Dopo trent’anni esce allo scoperto. Ma teme ancora il regime

L’articolo che segue, apparso sul giornale panarabo al Hayat e tradotto da Federica Raimondi, riporta l’esperienza di uno dei numerosi studenti siriani coinvolti negli scontri avvenuti a cavallo tra gli anni ’70 e ’80 che videro il regime dell’allora presidente Hafiz al Asad scontrarsi con l’ondata di sollevamenti di matrice islamica e che ebbe come culmine i tragici eventi di Hama del 1982. In quel periodo un numero imprecisato di studenti e docenti furono arrestati o uccisi perché creduti sostenitori del movimento islamico.

(al Hayat, 7 aprile 2013) Con la rivoluzione un giovane siriano ha trovato il coraggio di uscire dal suo isolamento volontario dopo trent’anni passati nascosto per paura di essere arrestato.

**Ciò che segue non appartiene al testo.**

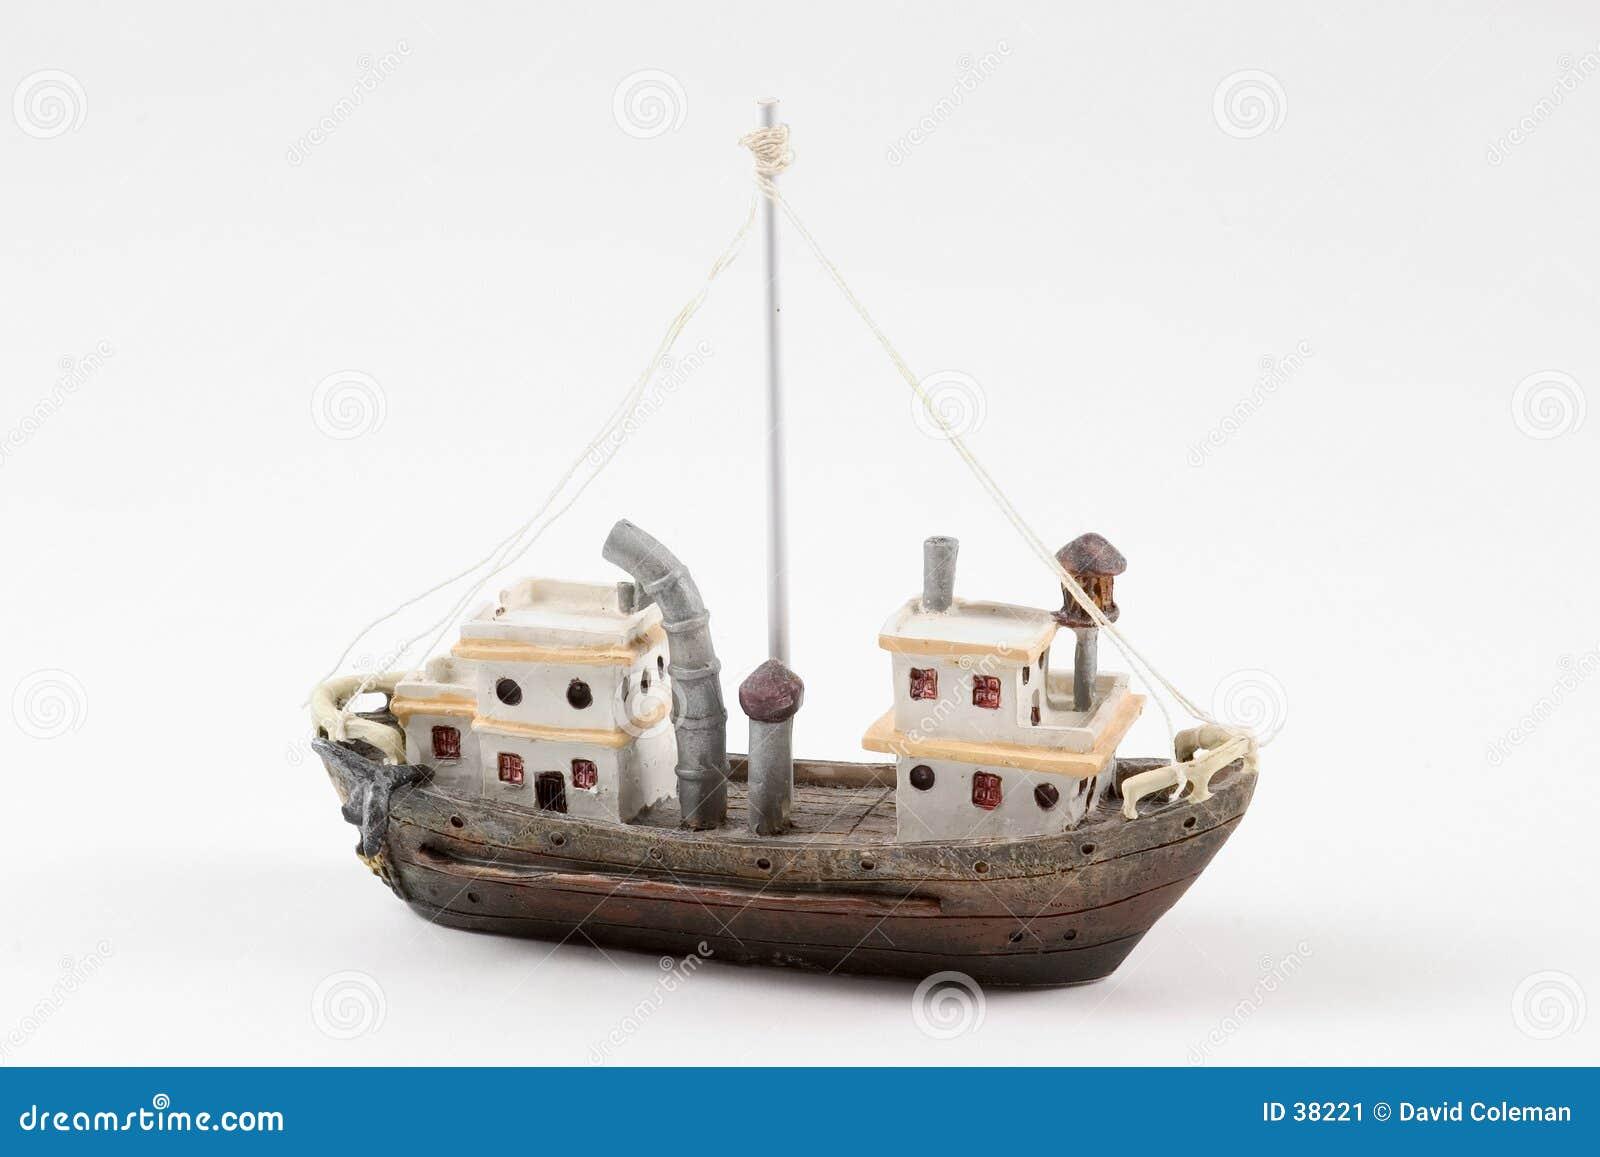 Boat on White

Oggi nonostante si trovi in un campo profughi in Turchia fa ancora fatica a raccontare per intero la sua storia.

Negli anni ottanta, durante il conflitto tra il regime e i Fratelli musulmani, M.M. era uno studente dell’università di Aleppo quando le forze di sicurezza fecero irruzione nella sua stanza della città universitaria, arrestandolo per sospetta solidarietà con quell’organizzazione alla quale non era mai appartenuto. Suo fratello maggiore fu arrestato e ucciso nella prigione di Palmira all’inizio degli anni ’80.

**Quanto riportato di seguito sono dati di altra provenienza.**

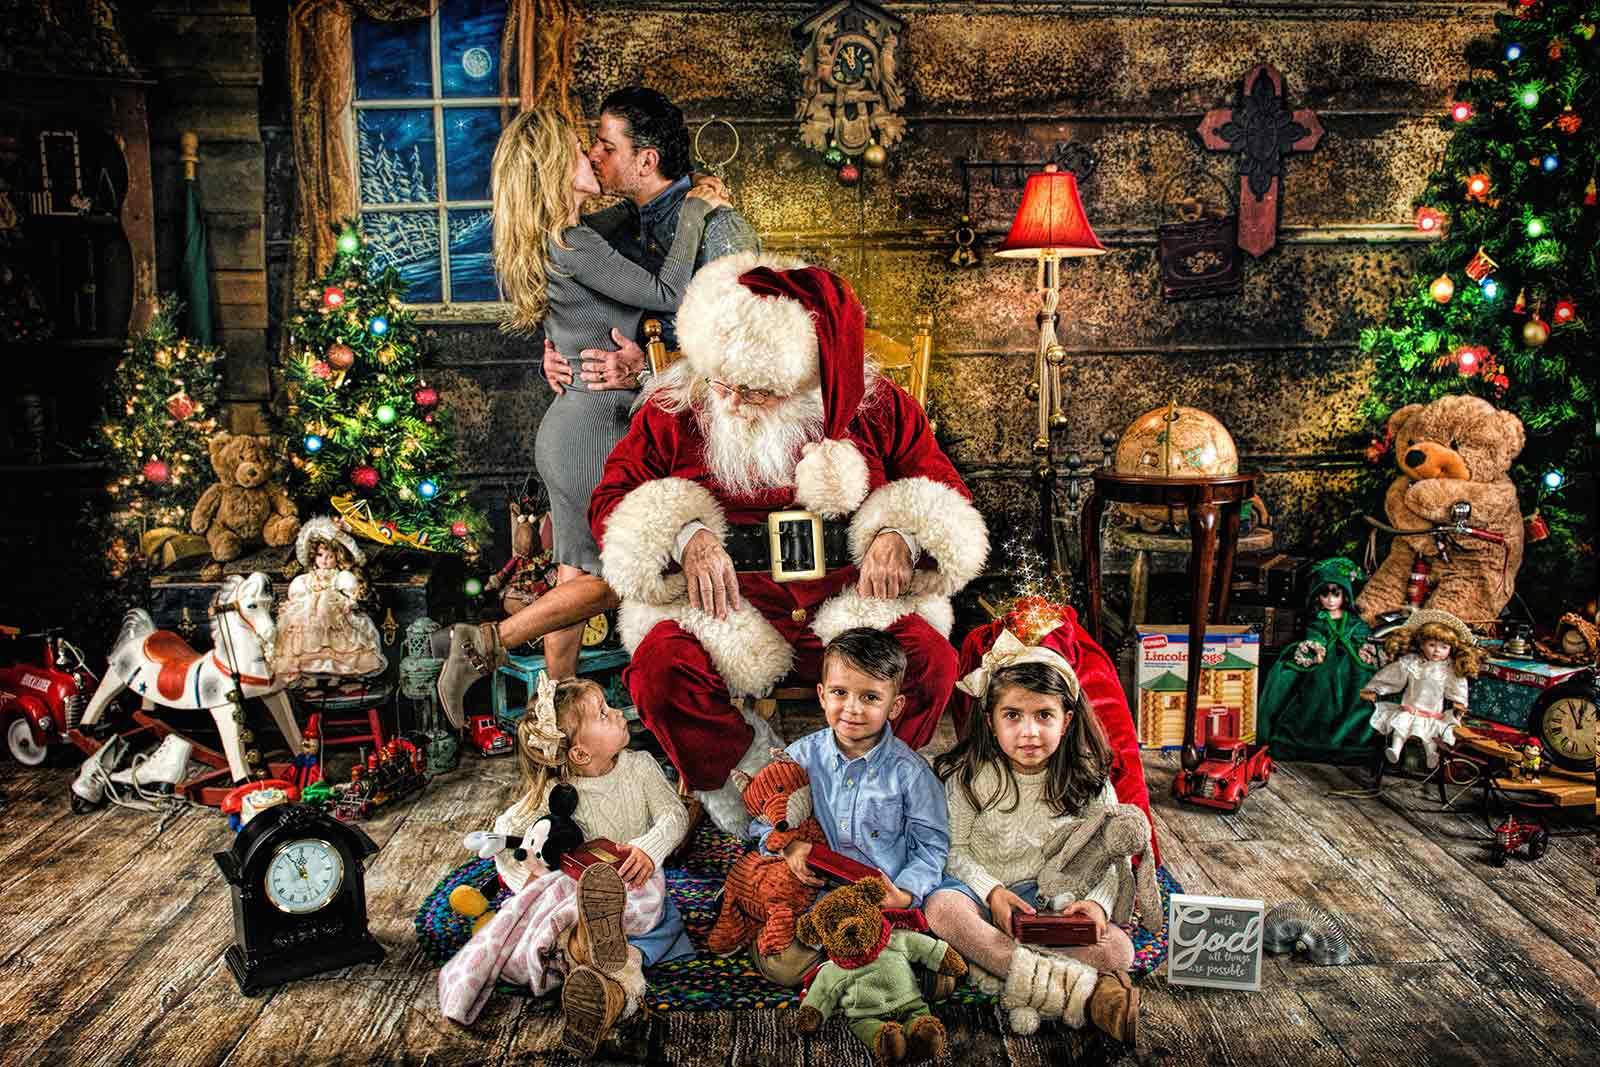 025_Magic-of-Santa-Anna-Thielen-Photography

Il giovane preferisce non rivelare il suo nome per intero per non esporre i suoi parenti ad un’eventuale ritorsione del regime. Della vita durante la sua detenzione racconta: “Ci sono stati momenti terribili, ho cominciato a pregare. Un giorno, la guardia che mi tratteneva in una stanza dell’università si è distratta e ho deciso di scappare. Che mi uccidessero i proiettili o che riuscissi ad evadere, sarebbe stato comunque meglio che andare in prigione. Sono arrivato da un amico che mi ha prestato un’auto per  tornare a casa”, in uno dei paesini della provincia di Aleppo, nella Siria settentrionale.

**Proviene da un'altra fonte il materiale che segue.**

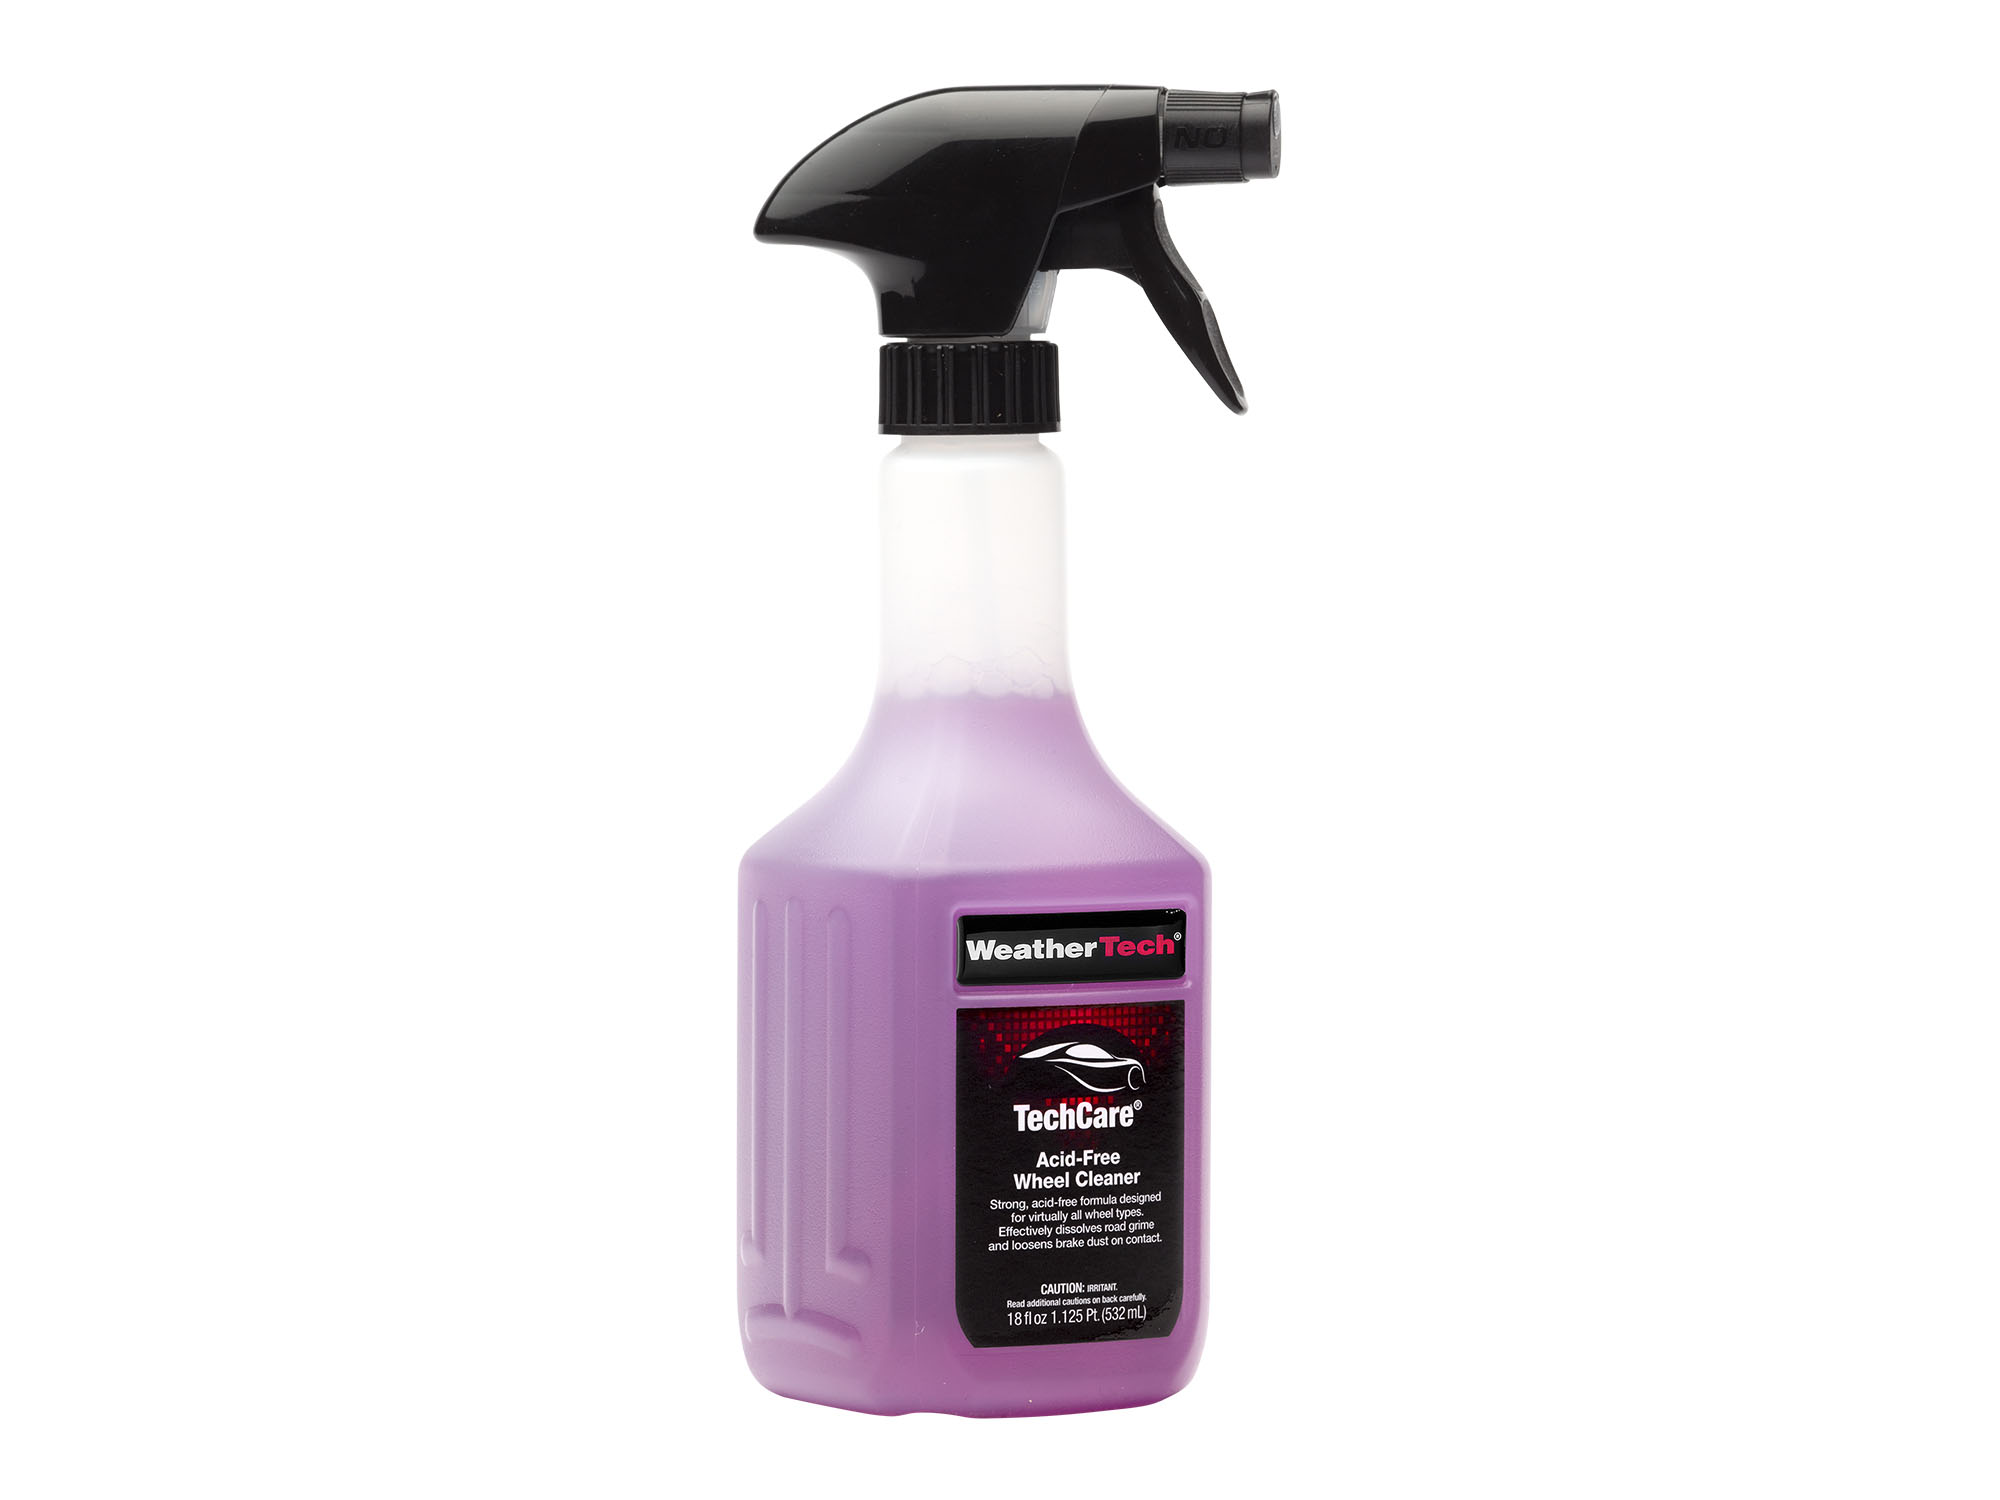 Bottle of TechCare Acid-Free Wheel Cleaner.

Da allora il giovane si è nascosto dagli occhi di tutti nella casa della sua famiglia, dove, dice, “nessuno sapeva mi trovassi lì a parte mio fratello, mia madre e mia zia. Neanche i miei nipoti sapevano che io ero lo zio ed erano convinti fossi uno sconosciuto che il loro padre stava ospitando in casa”.

Per tutto il tempo della scomparsa M. è uscito solo due volte per andare dal medico, e “anche se uscire era diventato facile dato che nessuno mi conosceva, uscivo comunque di notte, travestito, per non farmi vedere da nessuno”.

Preoccupato per la propria incolumità, dipendeva da mezzi semplici, isolato e senza la possiblità di comunicare, nemmeno con i suoi parenti. Racconta che in più occasioni avrebbe potuto lavorare e vivere in città, ma ha scelto l’isolamento, a cui forse aveva fatto l’abitudine, “per evitare qualsiasi coincidenza” che potesse condurlo nelle prigioni governative. E aggiunge, ora cinquantenne:  “Provavo sentimenti come ogni essere umano, mi rattristavo, mi ammalavo, piangevo ed ero allegro”. Ma “il destino e la paura” l’hanno spinto a rimanere nascosto “perché il mio cuore era debole”.

M. ha vissuto la sua vita dietro le mura, relegato fuori dal tempo; non conosce i moderni mezzi di comunicazione e ora cerca di recuperare ciò che gli è sfuggito. Dice: “Sono ancora giovane. Mi sono sposato e avrò dei figli. E cerco un lavoro per sostenere la mia famiglia”.

La sua cittadina è stata la roccaforte dei rivoluzionari nei due anni passati, e cosi ha deciso di uscire alla luce del sole. Rifiuta ancora di farsi fotografare e di rivelare tutti i particolari del suo passato, e dice: “Temo per i giovani della mia città e per i miei familiari, ho paura e diffido di questo regime che è capace di tutto”.

(Traduzione dell’originale arabo, datato 7 aprile 2013, a cura di Federica Raimondi per SiriaLibano).